It is in this context that Microsoft’s products designed to function on its flagship operating system, Windows, have always required surgical antitrust scrutiny.
Microsoft has had been integrating its products across the vertical-horizontal domains. Illustratively, Windows was initially limited to being a compact bundle of programs. It subtly started to tie productivity software after securing dominance in the global market for desktop personal computers.
Similarly, as high-powered computers called ‘servers’ became the technological theme for companies, Microsoft developed a suite of server software. This comprised of densely integrated business applications, e-mail systems and databases.

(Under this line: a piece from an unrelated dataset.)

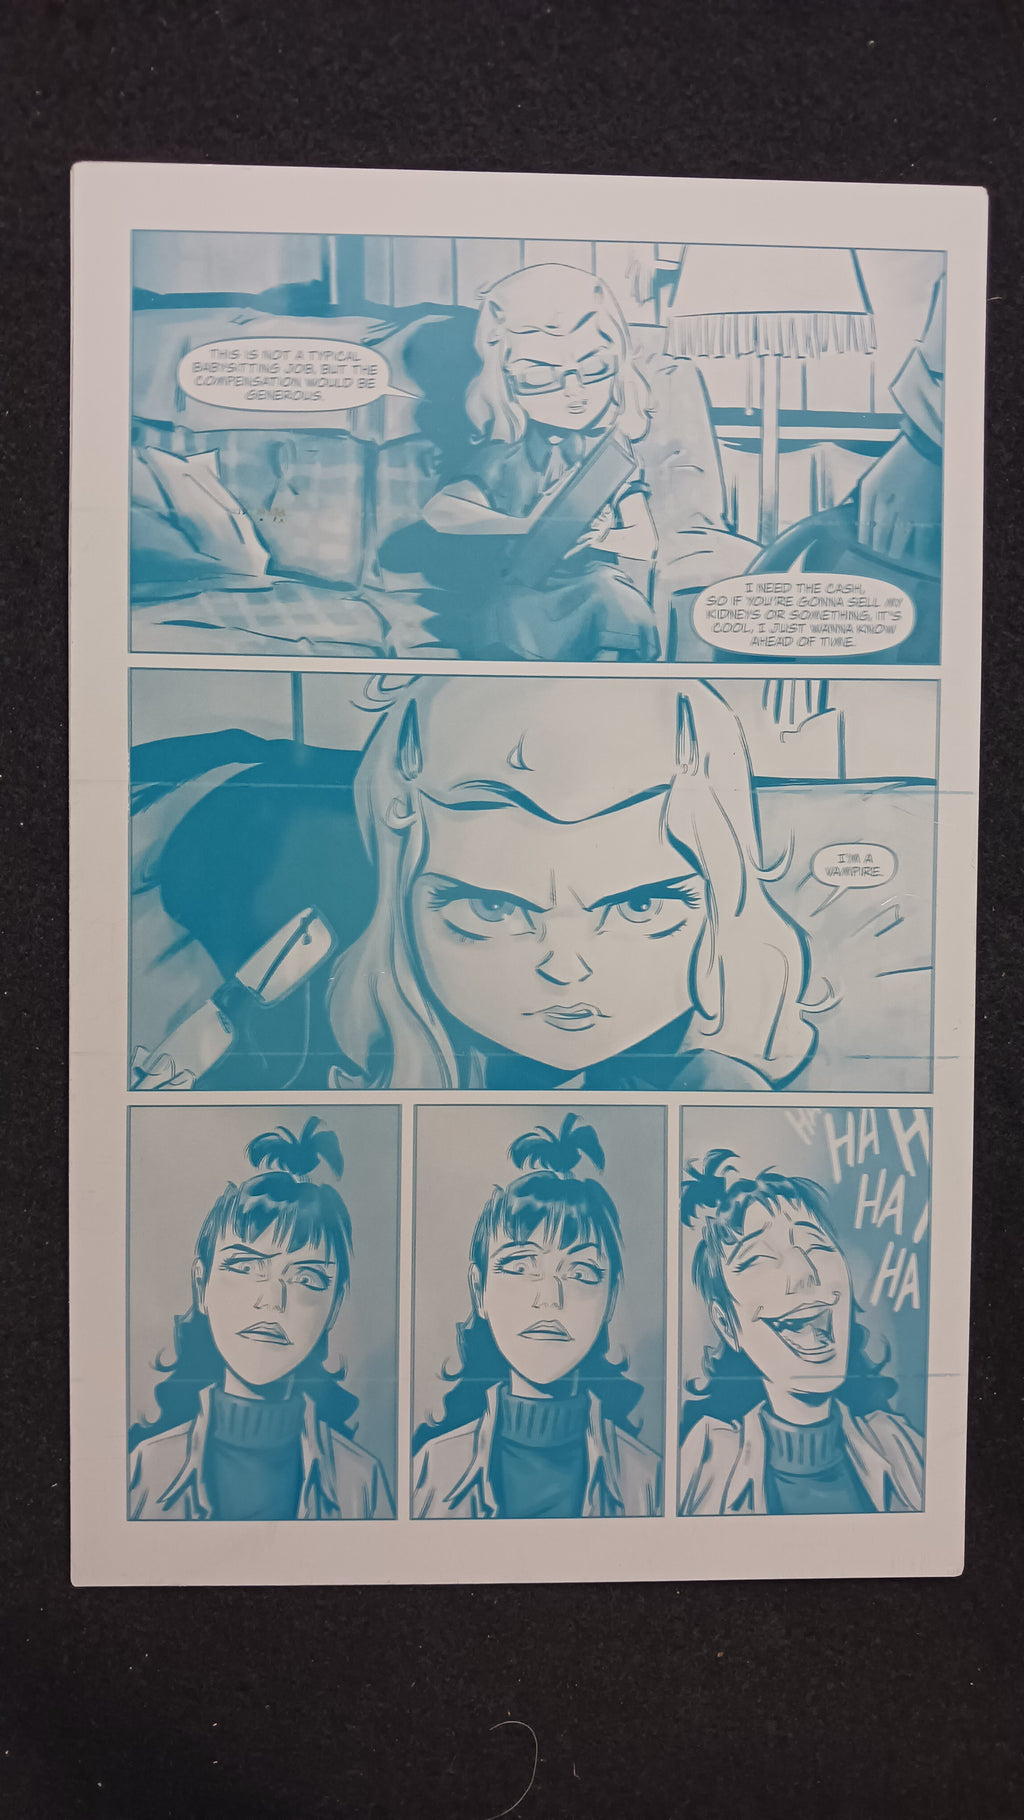 She Bites Trade Paperback - Page 20 - PRESSWORKS - Comic Art - Printer Plate - Cyan

Resultantly and rapidly, it expanded horizontally in both the instances.
All this came about by abusing its dominating position in the business vertical, inviting anti-trust screening globally. Notoriously illustrative of this, its browser and media player have previously landed Microsoft in legal soups.
Each time, it was asked to make its operating system such that rival software developers become more accessible to the Windows user-base.
The Defender seems to be the newest reification of Microsoft’s historical anti-competitive spree. The problems associated with it are twofold.
Firstly, it being pre-installed on Windows as a freeware may seriously disincentivize users to consider third-party programs. It comes with multiple features that make it to be so. Chief of these is the Defender’s relatively high compatibility with Windows.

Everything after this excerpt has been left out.